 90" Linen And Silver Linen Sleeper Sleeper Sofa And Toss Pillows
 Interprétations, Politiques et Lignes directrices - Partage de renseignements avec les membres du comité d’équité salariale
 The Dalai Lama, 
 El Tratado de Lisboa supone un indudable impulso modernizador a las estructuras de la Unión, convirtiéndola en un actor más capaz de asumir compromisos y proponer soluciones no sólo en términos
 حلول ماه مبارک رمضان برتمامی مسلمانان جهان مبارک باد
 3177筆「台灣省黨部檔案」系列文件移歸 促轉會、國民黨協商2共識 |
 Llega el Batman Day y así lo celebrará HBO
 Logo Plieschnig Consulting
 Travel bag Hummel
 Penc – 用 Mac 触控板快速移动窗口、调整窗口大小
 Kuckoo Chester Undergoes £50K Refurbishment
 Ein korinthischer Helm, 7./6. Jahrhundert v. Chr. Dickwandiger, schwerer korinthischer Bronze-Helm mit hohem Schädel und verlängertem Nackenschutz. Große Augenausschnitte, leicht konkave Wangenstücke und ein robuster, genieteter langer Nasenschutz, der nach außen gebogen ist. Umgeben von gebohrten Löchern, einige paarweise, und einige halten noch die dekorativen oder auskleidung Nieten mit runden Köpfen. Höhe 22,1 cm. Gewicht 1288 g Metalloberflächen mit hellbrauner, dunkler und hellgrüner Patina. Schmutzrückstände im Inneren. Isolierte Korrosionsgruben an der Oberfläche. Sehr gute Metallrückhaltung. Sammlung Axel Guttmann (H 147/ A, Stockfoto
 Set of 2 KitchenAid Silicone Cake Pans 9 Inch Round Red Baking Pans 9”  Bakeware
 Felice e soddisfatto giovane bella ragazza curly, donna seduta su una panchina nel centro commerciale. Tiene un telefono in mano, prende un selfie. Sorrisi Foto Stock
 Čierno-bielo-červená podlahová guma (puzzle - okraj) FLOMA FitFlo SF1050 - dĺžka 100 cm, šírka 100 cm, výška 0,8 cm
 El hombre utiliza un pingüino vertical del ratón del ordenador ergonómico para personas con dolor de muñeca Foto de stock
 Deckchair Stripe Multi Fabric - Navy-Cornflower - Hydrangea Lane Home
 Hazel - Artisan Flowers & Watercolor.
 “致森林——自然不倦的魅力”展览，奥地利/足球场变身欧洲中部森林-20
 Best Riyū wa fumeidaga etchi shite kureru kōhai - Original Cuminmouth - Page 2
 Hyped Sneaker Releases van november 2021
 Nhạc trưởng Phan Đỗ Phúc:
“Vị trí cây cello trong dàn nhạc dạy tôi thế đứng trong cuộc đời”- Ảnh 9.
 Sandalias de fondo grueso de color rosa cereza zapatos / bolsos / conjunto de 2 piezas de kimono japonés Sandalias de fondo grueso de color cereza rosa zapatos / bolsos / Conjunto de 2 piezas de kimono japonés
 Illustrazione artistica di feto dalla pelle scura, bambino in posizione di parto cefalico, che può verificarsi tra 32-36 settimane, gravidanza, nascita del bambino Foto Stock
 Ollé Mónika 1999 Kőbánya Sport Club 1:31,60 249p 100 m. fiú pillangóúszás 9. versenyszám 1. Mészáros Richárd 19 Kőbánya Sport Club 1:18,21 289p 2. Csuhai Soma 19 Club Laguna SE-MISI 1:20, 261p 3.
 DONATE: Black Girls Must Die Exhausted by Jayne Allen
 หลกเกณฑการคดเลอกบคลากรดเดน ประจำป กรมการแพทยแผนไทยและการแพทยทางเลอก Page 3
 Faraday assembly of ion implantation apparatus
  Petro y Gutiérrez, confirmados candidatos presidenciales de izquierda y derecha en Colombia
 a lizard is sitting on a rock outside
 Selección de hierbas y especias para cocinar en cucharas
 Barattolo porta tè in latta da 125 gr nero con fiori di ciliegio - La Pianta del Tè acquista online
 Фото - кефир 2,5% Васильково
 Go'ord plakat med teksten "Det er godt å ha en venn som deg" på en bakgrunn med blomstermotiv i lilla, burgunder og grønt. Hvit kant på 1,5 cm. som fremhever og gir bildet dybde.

# Task brief:
A word-for-word copy of the entries, from the first line through the line containing "Penc – 用 Mac 触控板快速移动窗口、调整窗口大小", is the whole answer.

# Result below:
 90" Linen And Silver Linen Sleeper Sleeper Sofa And Toss Pillows
 Interprétations, Politiques et Lignes directrices - Partage de renseignements avec les membres du comité d’équité salariale
 The Dalai Lama, 
 El Tratado de Lisboa supone un indudable impulso modernizador a las estructuras de la Unión, convirtiéndola en un actor más capaz de asumir compromisos y proponer soluciones no sólo en términos
 حلول ماه مبارک رمضان برتمامی مسلمانان جهان مبارک باد
 3177筆「台灣省黨部檔案」系列文件移歸 促轉會、國民黨協商2共識 |
 Llega el Batman Day y así lo celebrará HBO
 Logo Plieschnig Consulting
 Travel bag Hummel
 Penc – 用 Mac 触控板快速移动窗口、调整窗口大小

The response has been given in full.